Work to be completed:
Set down the data again exactly. Pictures are not part of the copy.

Raw data:

-----

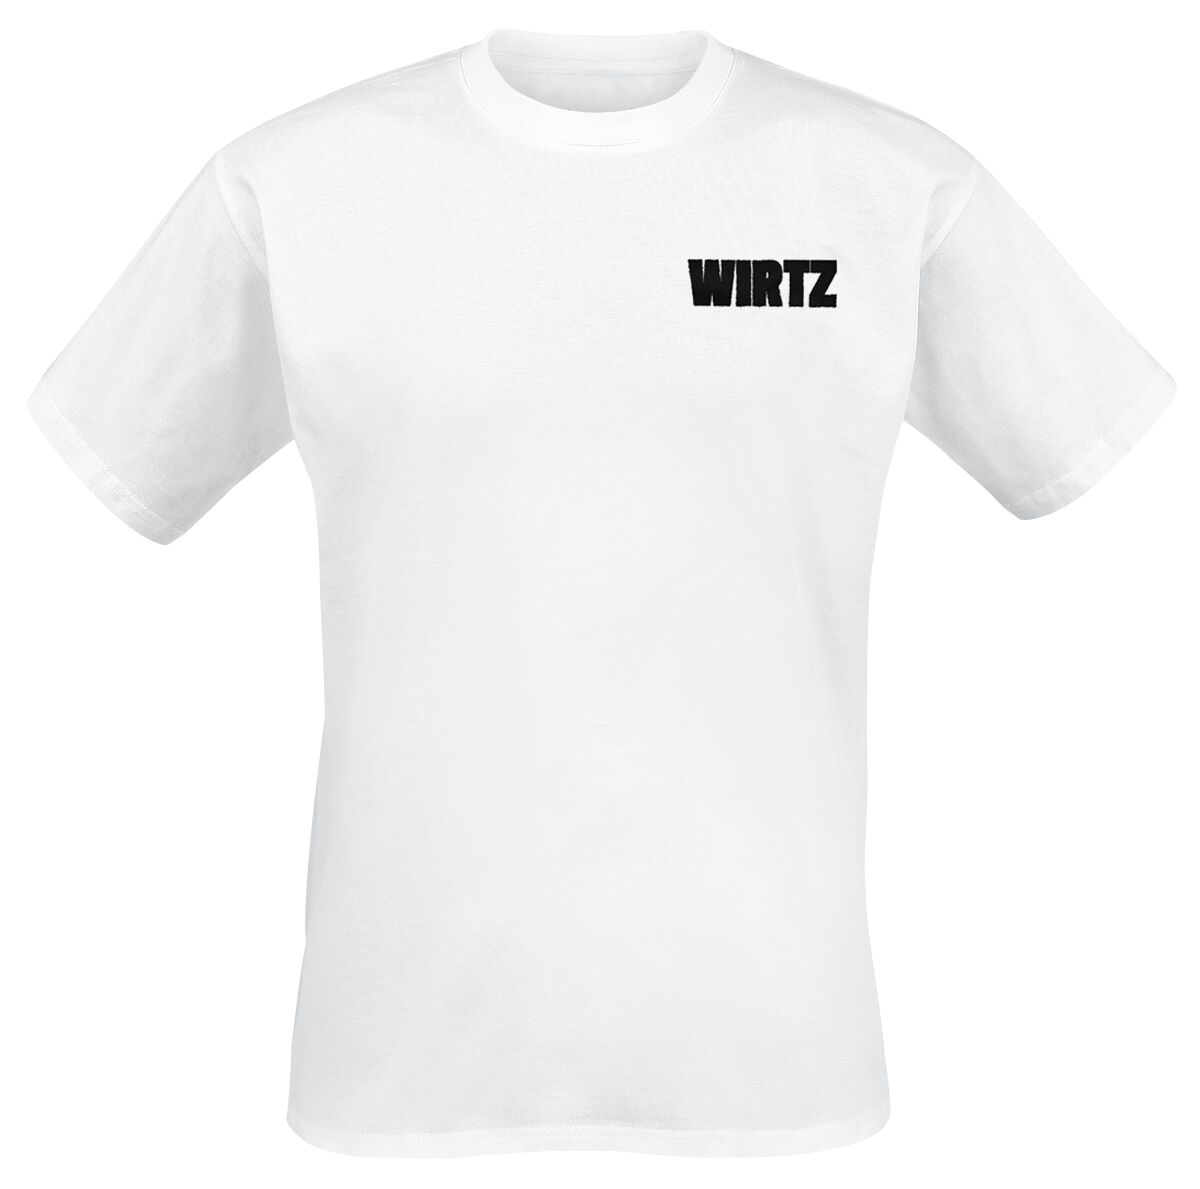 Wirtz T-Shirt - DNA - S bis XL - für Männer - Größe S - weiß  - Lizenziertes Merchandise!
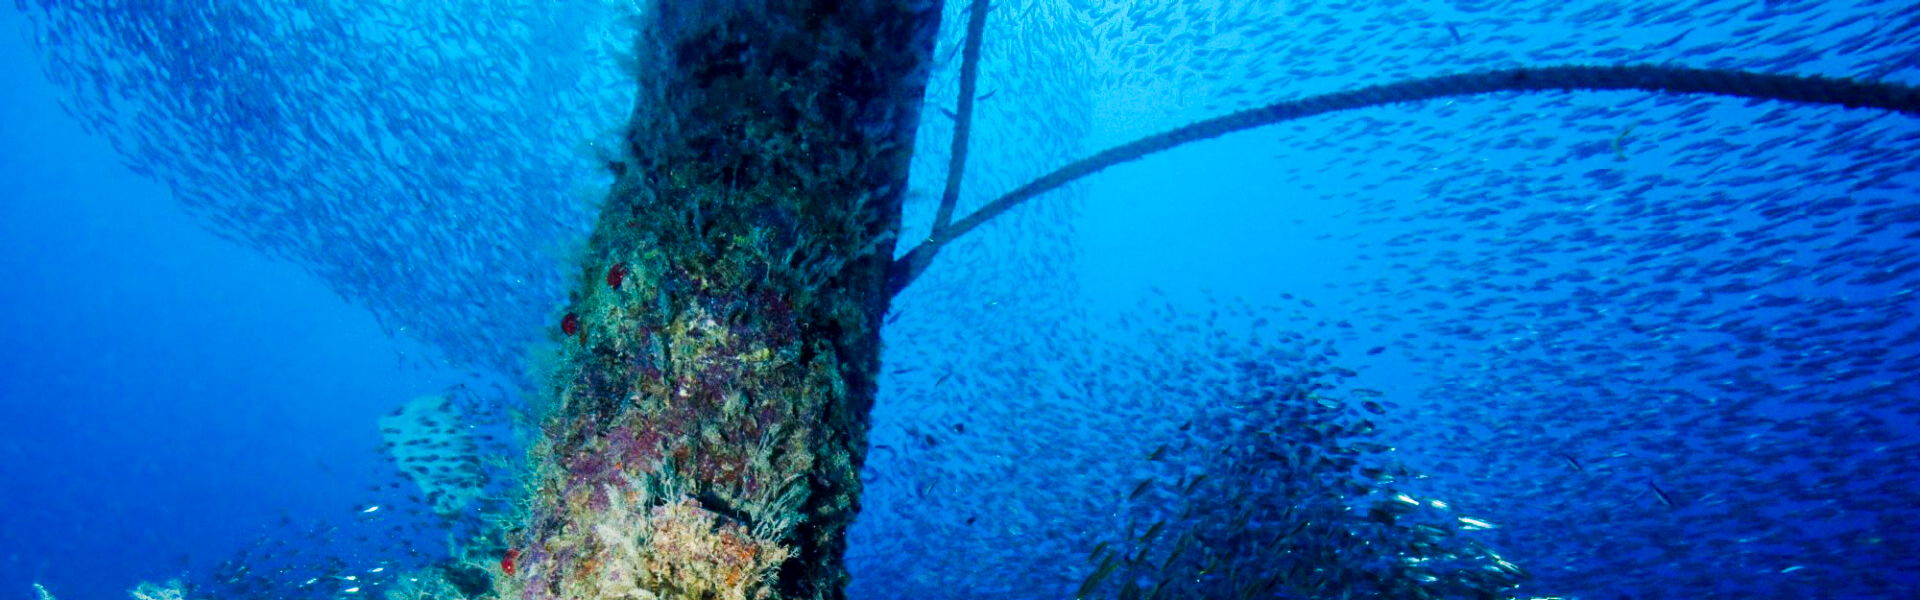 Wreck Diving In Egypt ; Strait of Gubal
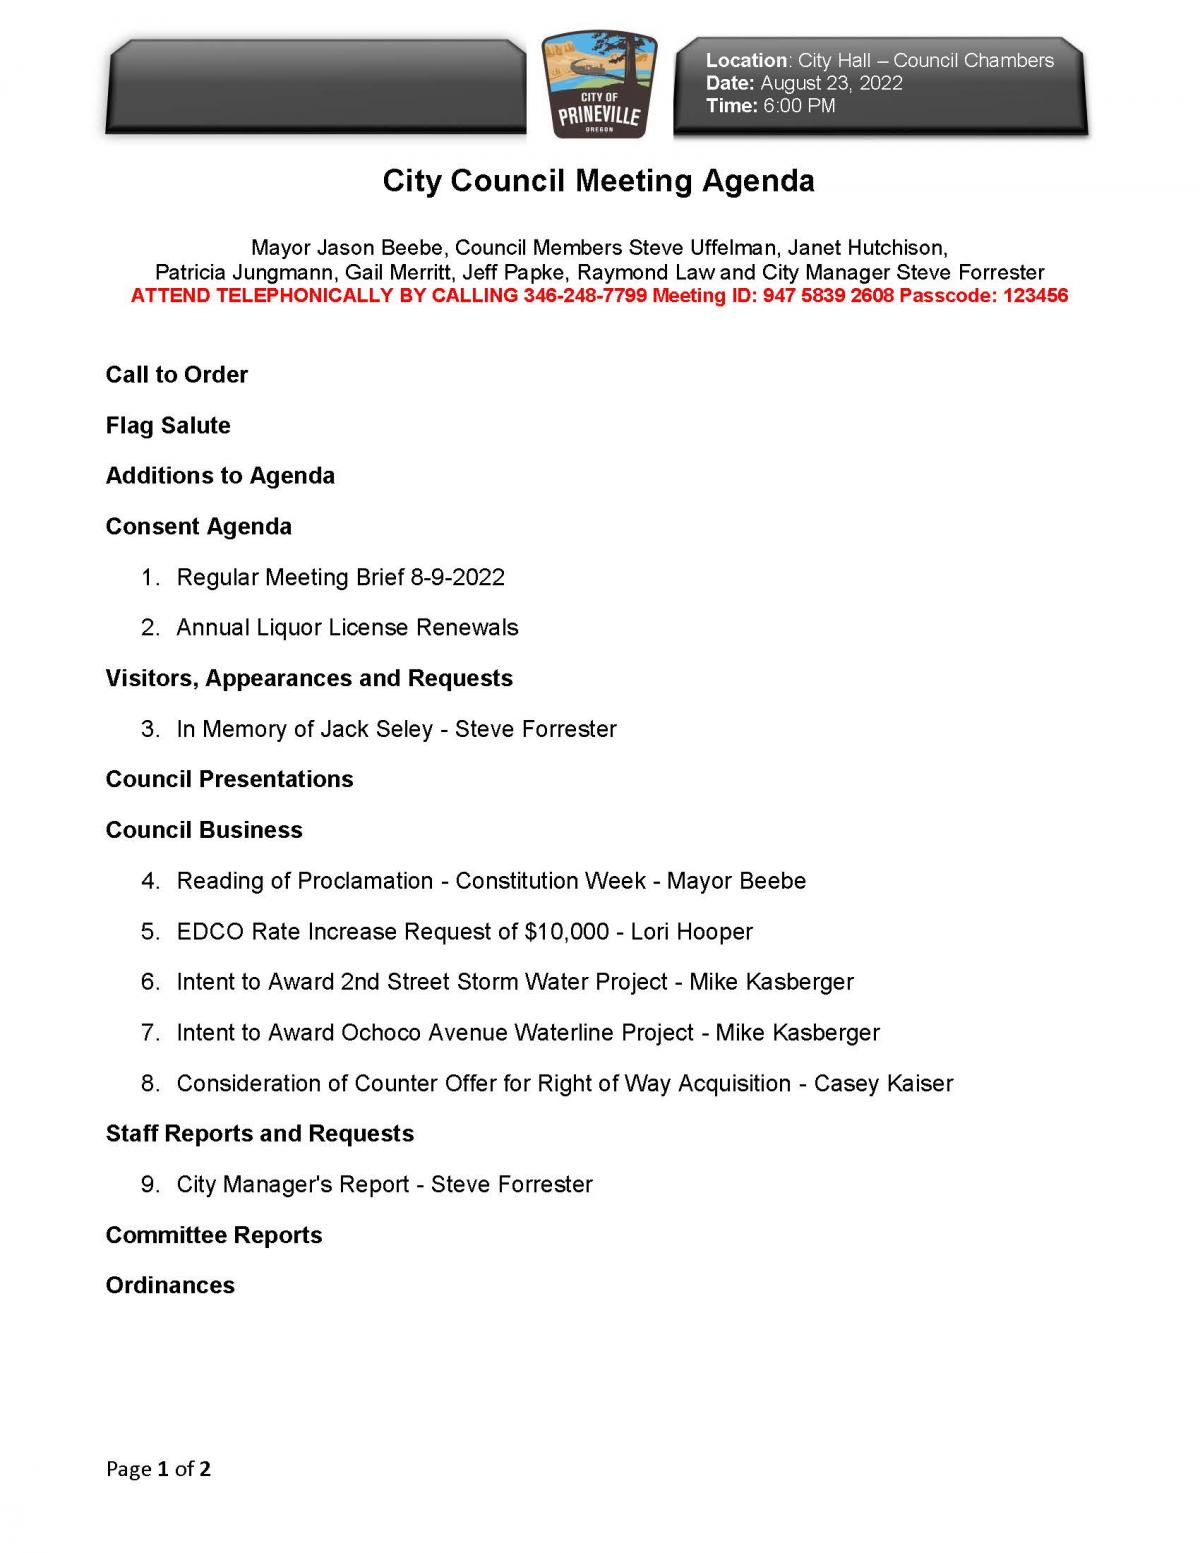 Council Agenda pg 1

-----

Output of the exercise:
 Wirtz T-Shirt - DNA - S bis XL - für Männer - Größe S - weiß  - Lizenziertes Merchandise!
 Wreck Diving In Egypt ; Strait of Gubal
 Council Agenda pg 1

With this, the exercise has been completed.